# My Shepherds ears



## Wildrat (Sep 4, 2012)

I have been told by people and from reading post here that say if you have seen your pups ears standing up they will stand up. Wolfus is 3 1/2 months old. Her ears were doing really well. Her right ear stands up good. Her left ear was standing up good but one day I came home and her left ear was flopped down like a lab. It stays that way most of the time. I see her in the yard at times and with her head in certain positions it stands till she gets leveled out again. I'm thinking while playing with my other dogs they may have damaged the ear. My Italian greyhound likes nipping at ears when playing tag.
Am I being over concerned, or should I be. It really does not matter a lot if the ear does not stand but I think they are so funny looking when puppies with those two big old radar antennas standing up. They look like little donkey's. 
Please advise and thanks much.


----------



## Stosh (Jun 26, 2010)

The ears will flop down when they're teething, which is about to happen to Wolfus. Make sure she has plenty of hard things to chew like bully sticks, knuckle bones, antlers- that strengthens the muscles. Once her teeth start coming out you might want to take a rag, tie it in a knot, wet it with water or chicken broth and freeze it. I also froze whole raw carrots.


----------



## MarkJoel60 (Aug 29, 2012)

Wildrat said:


> Wolfus is 3 1/2 months old. Her ears were doing really well. Her right ear stands up good. Her left ear was standing up good but one day I came home and her left ear was flopped down like a lab.

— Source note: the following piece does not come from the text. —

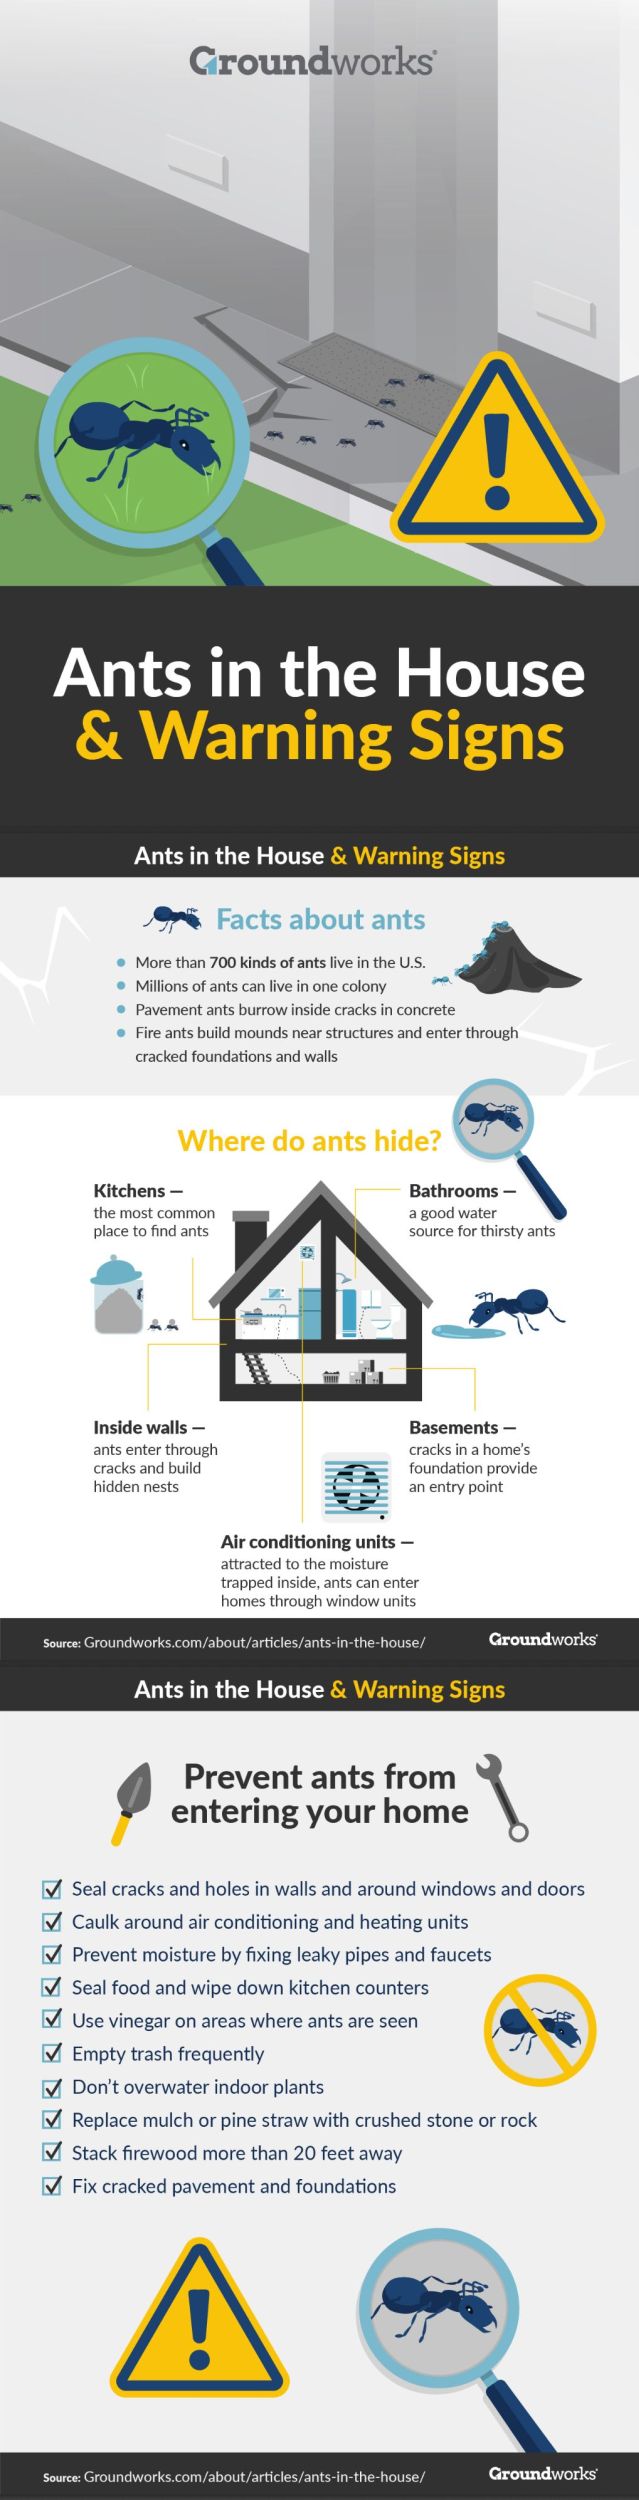 Ants in the House & Warning Signs
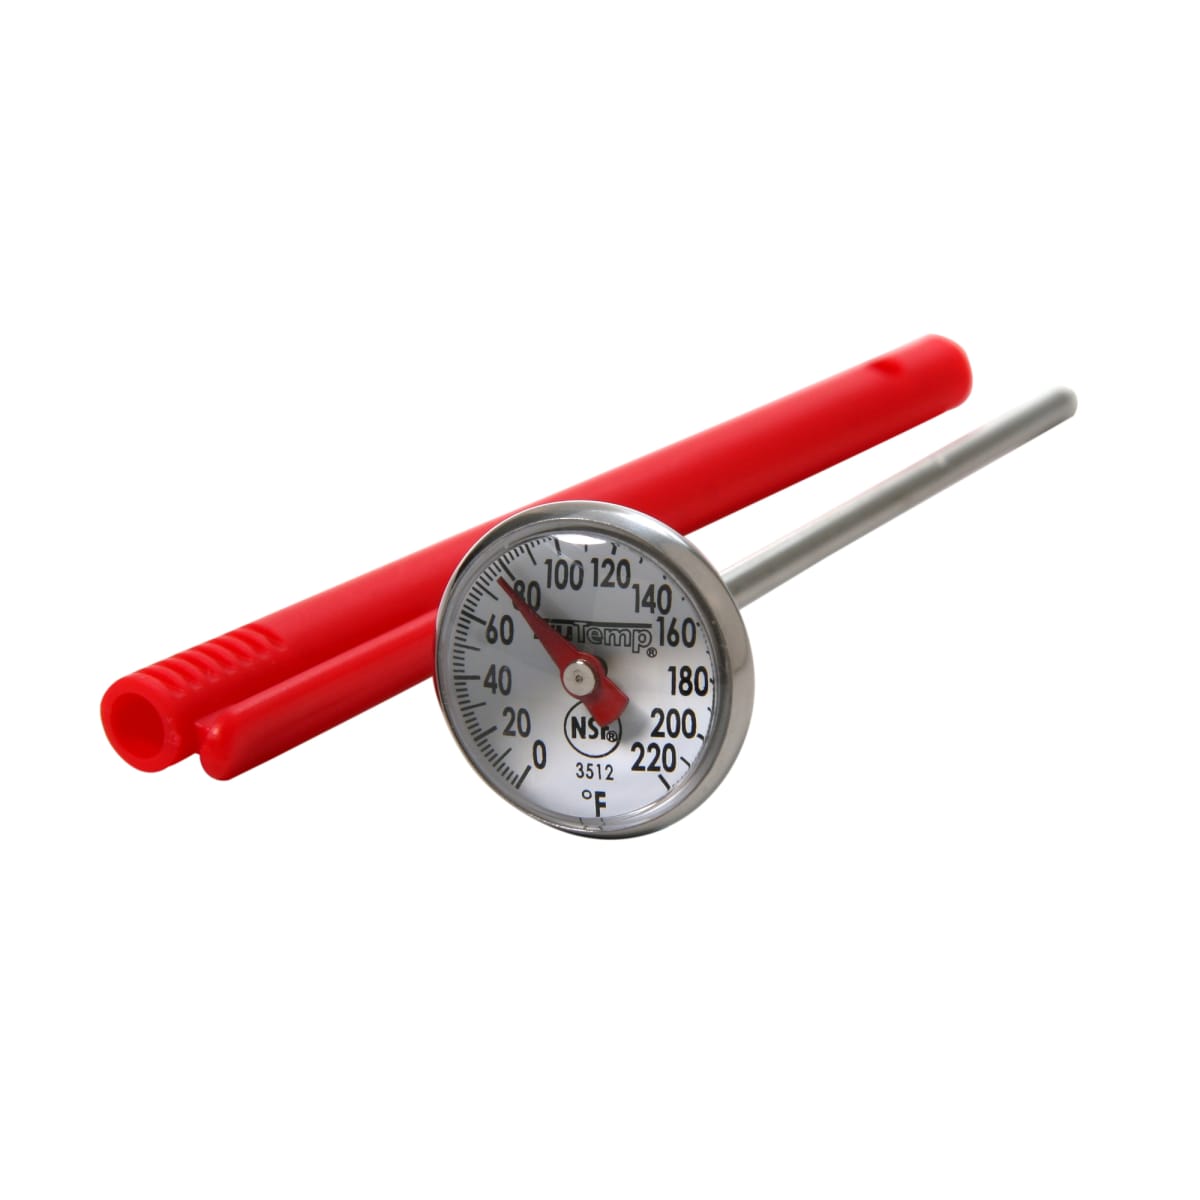 Taylor 1 Dial Stainless Pocket Thermometers - Bunzl Processor Division

This happened with ours, too. At about the same time the ear started flopping. Interestingly, it was the first ear that went up that flopped. The other one stayed. But now (two weeks later) both are back up.

You are probably fine, but keep an eye on them. If they aren't up at 5 months, you will probably need to get them taped.



Wildrat said:


> It really does not matter a lot if the ear does not stand but...


Yeah, it really does. My last GSD's ears never went up, and we had an awful time with them, keeping them from getting infected. The poor thing was always scratching at them. We had to clean them several times a week, and sometimes we had to get medicine for them. He LOVED when we cleaned them, but hated the medicine.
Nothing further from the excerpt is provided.